On Sep 18, 2019, at 8:45 AM, Owen Friel (ofriel) <ofr...@cisco.com> wrote:
> 
>> 
>>  Which means that if PSK was allowed, the server can't look at the packets to
>> distinguish resumption from "raw" PSK.  Instead, the server has to look at 
>> it's
>> resumption cache which may be in a DB.
> 
> The server can use the PskIdentity in the PreSharedKeyExtension to 
> differentiate between an offline PSK used for authentication vs. a PSK 
> established via NewSessionTicket.

  Please define "use".  As an implementor, I can't implement "my code USES a 
field".  I need to know what the code *does* with it.
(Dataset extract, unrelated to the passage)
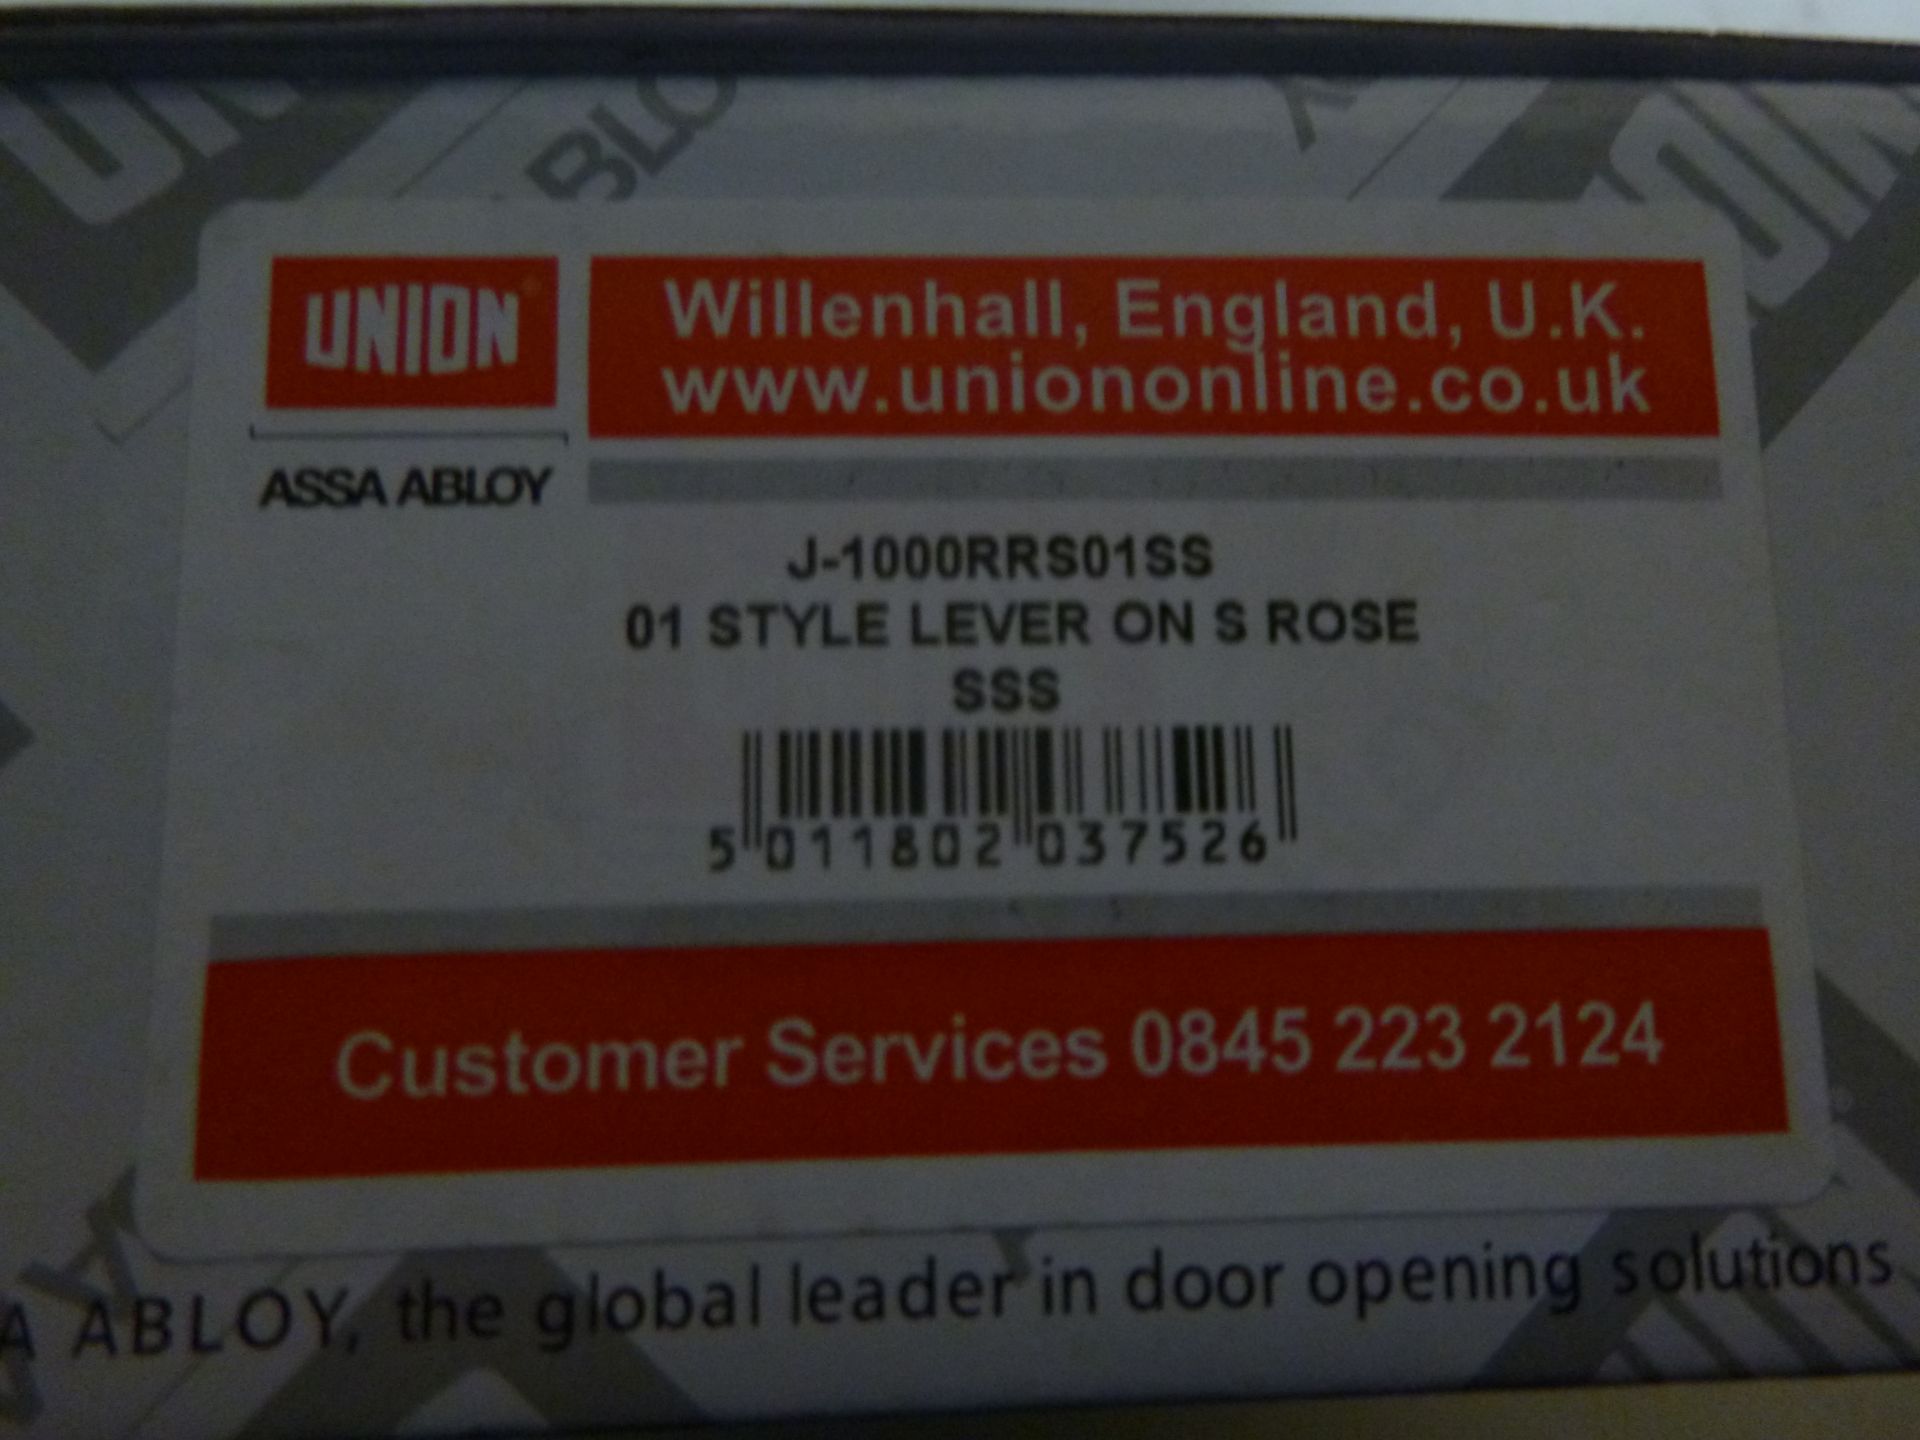 11 x ASSA ABLOY Door Handle Set w/ Fittings | EAN: 5011802037526 | RRP £220 - Image 2 of 2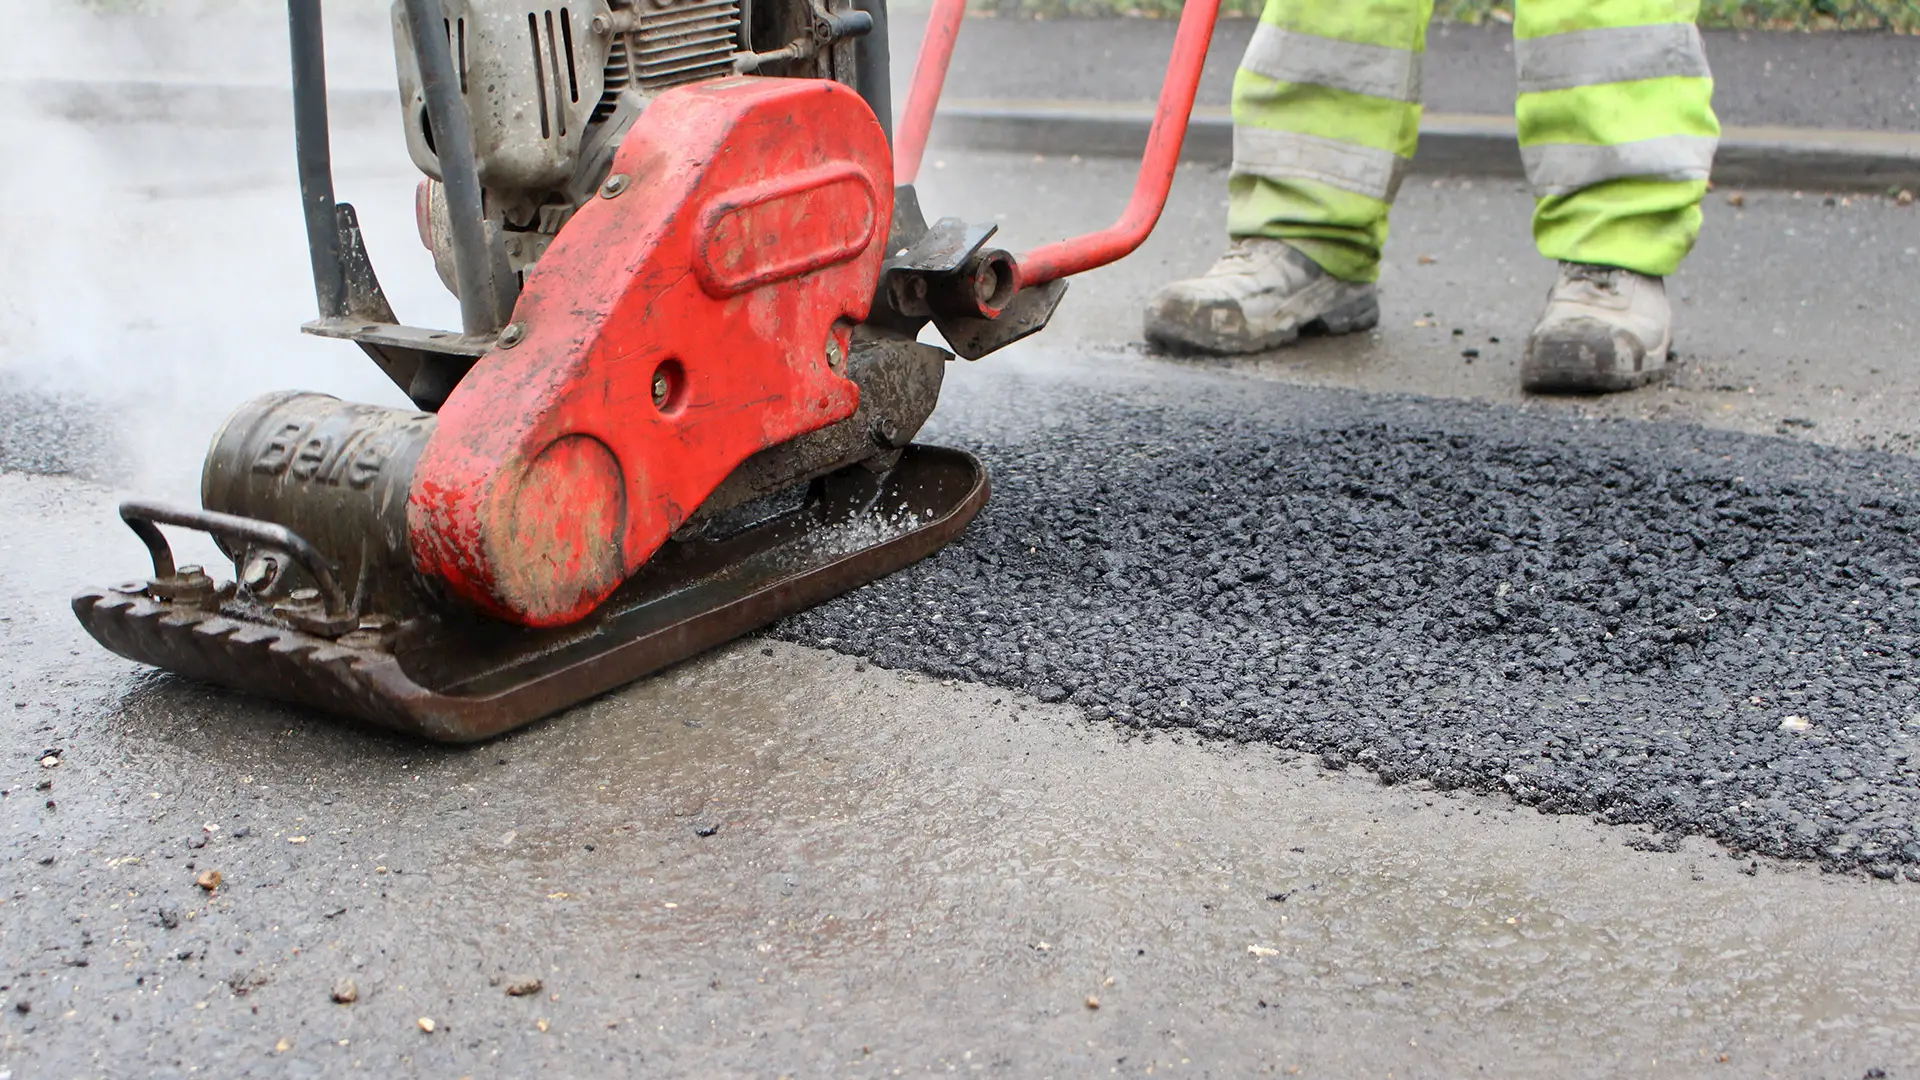 Experienced pothole repair contractors in Kidderminster

  How does the code differentiate between PSK identities?  Are the identity 
formats different?  If so, how and why?

  What prevents a malicious attacker from "using" a format which matches an 
identity coming from NewSessionTicket?

  My understanding is that the code *cannot* make any decisions simply by 
looking at the PSK identity field.  Instead, it has to look at the resumption 
cache to see if a given PSK matches a cached one.  Or maybe the code looks in a 
DB to see if the given PSK is a real "end-user" PSK in the DB.

  Simply waving your hands and saying it "uses" a field is unhelpful.  Please 
give substantive feedback and/or advice about what the code *does*.

  Alan DeKok.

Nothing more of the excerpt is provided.